I am working on designing an engagement ring for my girlfriend, and naturally, I'm putting on my engineering hat. She has become more fond of yellow gold in recent years, so I'm thinking I want a pretty yellow outward appearance on most of the ring. The designs I'm working on involve a bit of texture - higher and lower spots. I want to add a bit of depth to the color, but not as stark as the two-tone gold/silver, gold/rhodium, and other combinations you can find commercially when looking for two-toned pieces. We are physically active, so I think I will prefer 14k as the base metal to prevent deformation.

So my question is: if I have the ring cast in a 14k alloy with a fairly pale hue, and then apply masking of some sort - akin to circuit masking, but probably by hand with thin nail polish or something similar - and follow it by a high-carat gold plating, I should get a yellow gold look on the unmasked areas and a more pale look on the masked areas, correct? If the plating is thick enough, can I then anneal the ring to allow diffusion of the 18-24k gold plating layer into the base layer, which I hope will slightly lighten the plating and, more importantly, prevent it from wearing away in such a conspicuous fashion?

Danny Higgs
- Kalamazoo, Michigan

High School Ring (to illustrate relieving)

December 2017

A. Hi Danny. I know very little about either jewelry or metallurgy, so I'm probably not a good person to ask. But if you look at a class ring, whether silver or gold, the lighter color will always be on the surface and the darker color in the recesses, because it's easier to make that way and, more importantly, it's easier to keep that way. It's the same with the oil-rubbed bronze "living" finishes.

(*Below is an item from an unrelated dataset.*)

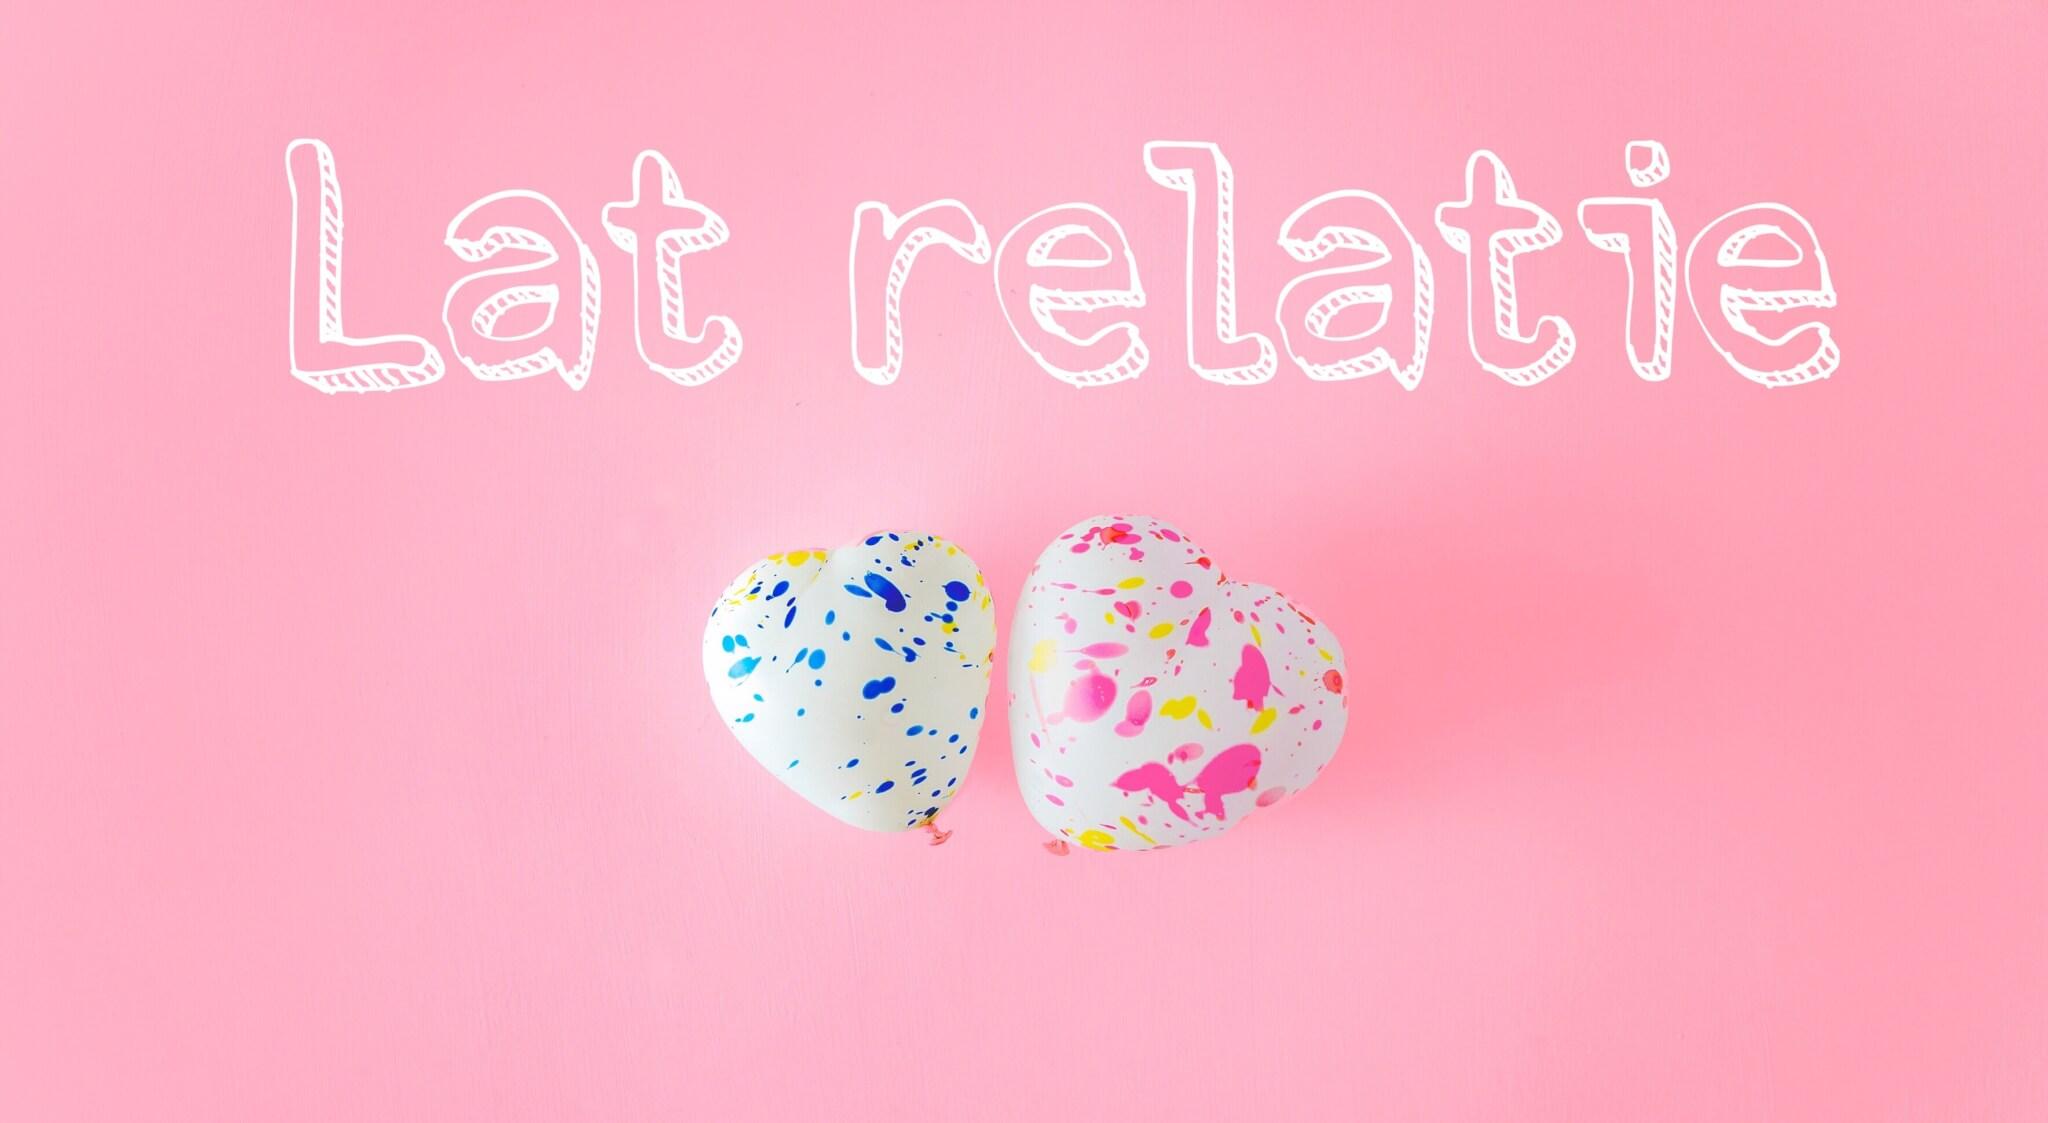 lat relatie

So what I think I'd do is cast the ring with at least a little texture, plate the whole thing with the darker gold plating, and then buff/relieve away the plating on the reachable surfaces back to the lighter color of the 14K and it should last a very long time.


pic of Ted Mooney
Ted Mooney, P.E. RET
Pine Beach, New Jersey
Striving to live "Aloha"

December 10, 2017

thumbs up sign That is a great suggestion, thank you very much. I may also try brush plating.